Yes, hit those streets, shoot away, and keep on shooting. Your image will be very valuable socio-historical records, in the not-too-distant future, when it all changes and what you have recorded on film or pixels becomes past.
Another important aspect of recording and showing your images from the streets, is the photos can be a useful tool to promote social changes and improvements in conditions and facilities. As we know, there is more than enough money in Indonesia to do many more things than are now being done. Sadly, the money is being mismanaged, and there doesn't seem to be the will, either politically or publicly, to change things.
Sodark1828 (#3), what you say about Ahok is so spot-on,I agree with everything you wrote. Sad that he is now in prison, such a great talent and poltiical force languishing behind bars and wasted. Even sadder that Jokowi did so little if anything to try to diffuse the situation, obviously from his usual fear of offending anyone. Leadership was sadly lacking in this situation. Let us hope and pray that Ahok will be released soon. Indonesia needs people like him to move it forward.
I went to Palmera many years ago and also shot many memorable images there, on slide film. Used a Leica M2 and sneaked around taking grab shots of people living their everyday lives. I see the same scenes even now, in Surabaya, along the rail lines between Gubeng station and Kota in the city center or to Sidotopo where the old (Dutch colonial era) locomotive works are still in use. In some places along the tracks, when the trains come along (fortunately they don't travel at fast speeds), there is less than one meter of free space between train and houses.
All this will disappear eventually. Most Surabayans won't miss it, if indeed they even know it exists.
I'm now in Sarawak, shooting with my Nikon D700 kit and a 1966 Rolleicord Vb I bought recently, with B&W film and a 16 exposure kit. Ten, twenty, thirty years ago it would have been a Nikkormat 35mm kit and a Rolleiflex. Times pass, things (and photo gear) change. The 'cord kit is getting heavier to carry around. I had six rolls of film processed in a small Chinese studio here last week, and was amazed at the beautiful negatives I got back, even if the studio owner did them in print developer. The negs look good. I hope they print or scan as nicely.
Everyone uses phones now as cameras. Mirrorless compacts also. Not many DSLRs. I almost never see anyone with a film camera out of Singapore or KL, maybe as film is impossible to get locally and it costs too much per image to be economically viable. People tend to stare at me when I use the Rolleicord, but as I use the waist level finder and I don't lift the camera to my eyes to shoot with as I do the Nikon, they quickly lose interest and go about their business. I get better shots then.

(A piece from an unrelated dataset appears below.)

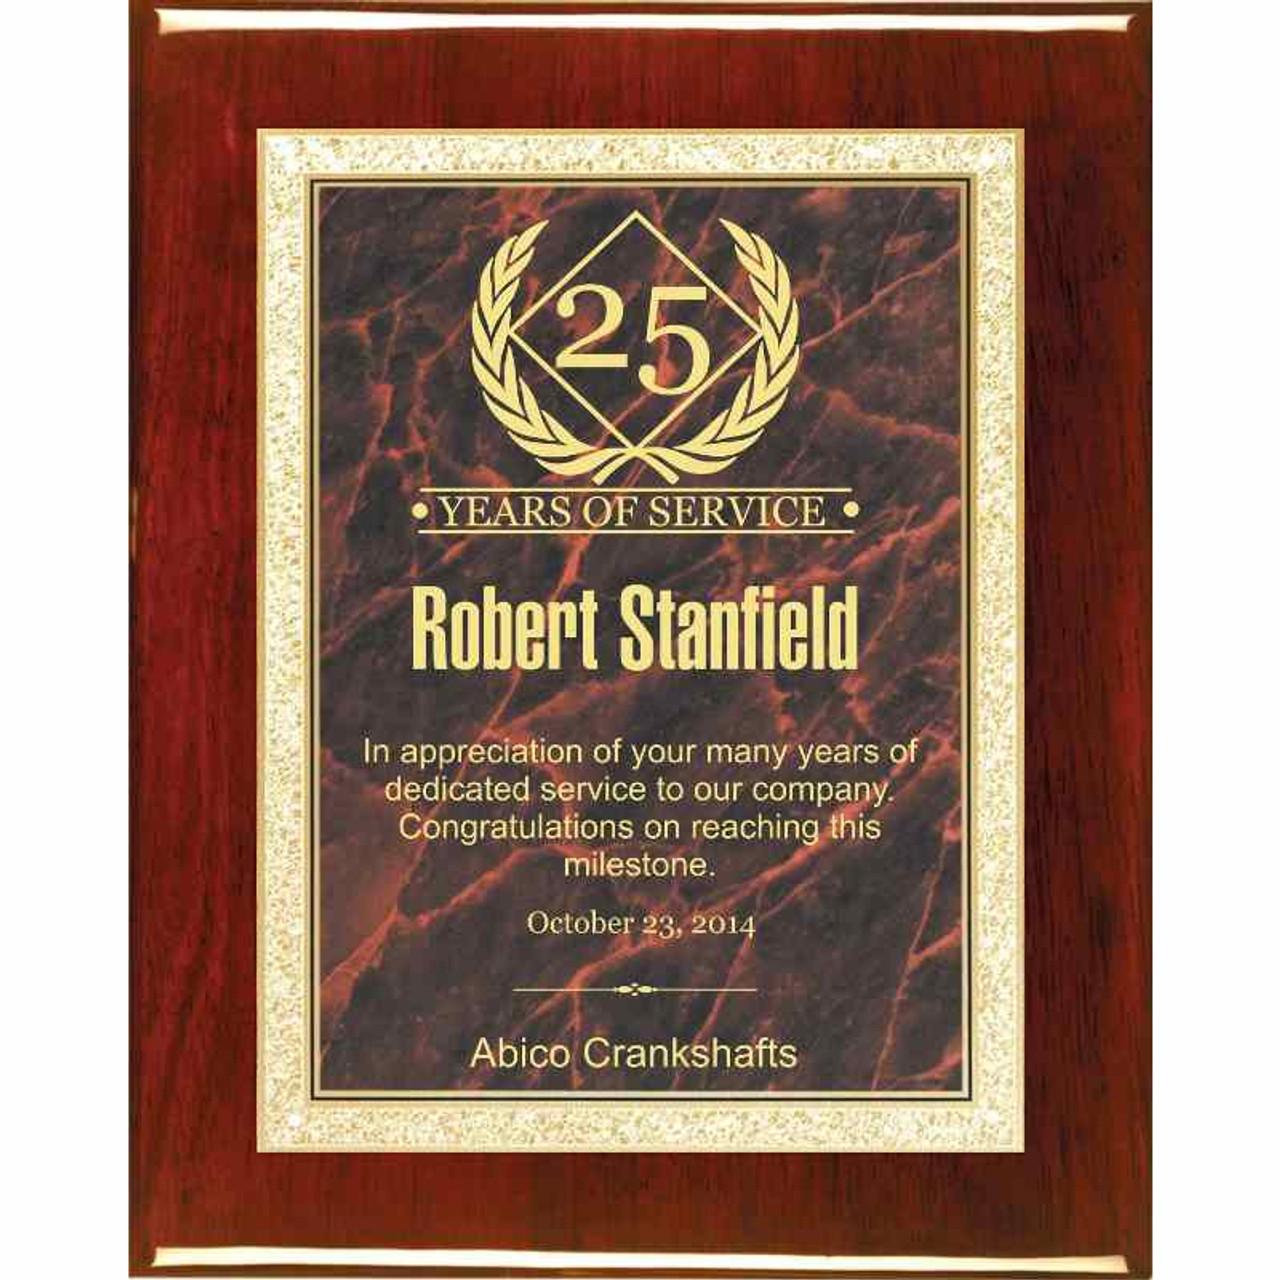 YMCA Award Plaque 6x8 Trophy FREE engraving

I may return to Surabaya in November or December. There are many nice places in East Java I want to revisit, not having seen them since the 1980s. Malang was then a quite compact, quiet, cool and relaxing place. Now it's fast becoming another Indonesian city, tho' by no means as crowded, congested and polluted as is my usual hangout, Surabaya. Life in Malang doesn't take place so much in shopping malls as it does in 'boyo, but then it's cooler in Malang, and locals can hang out in the great outdoors without being cooked by the sun and the heat. Good photo ops abound in either city. Oddly, in Surabaya, I rarely see anyone shooting scenes they can't do without getting out of their massive air-conditioned SUVs. There are more photographers out and about in Malang, but again they don't seem keen to go beyond the pretty-postcard-picture places. The best shots in either city take a bit of walking to find and get to.
The Shoot Jakarta Project is interesting. I for one will look forward to seeing some images posted. Will you be doing a web site for it in the near future? It's the sort of photography more shooters should be out doing, before the city changes and many of the areas in the city center disappear forever.
I'll most definitely be watching this thread, and looking for more images. Keep up the shooting.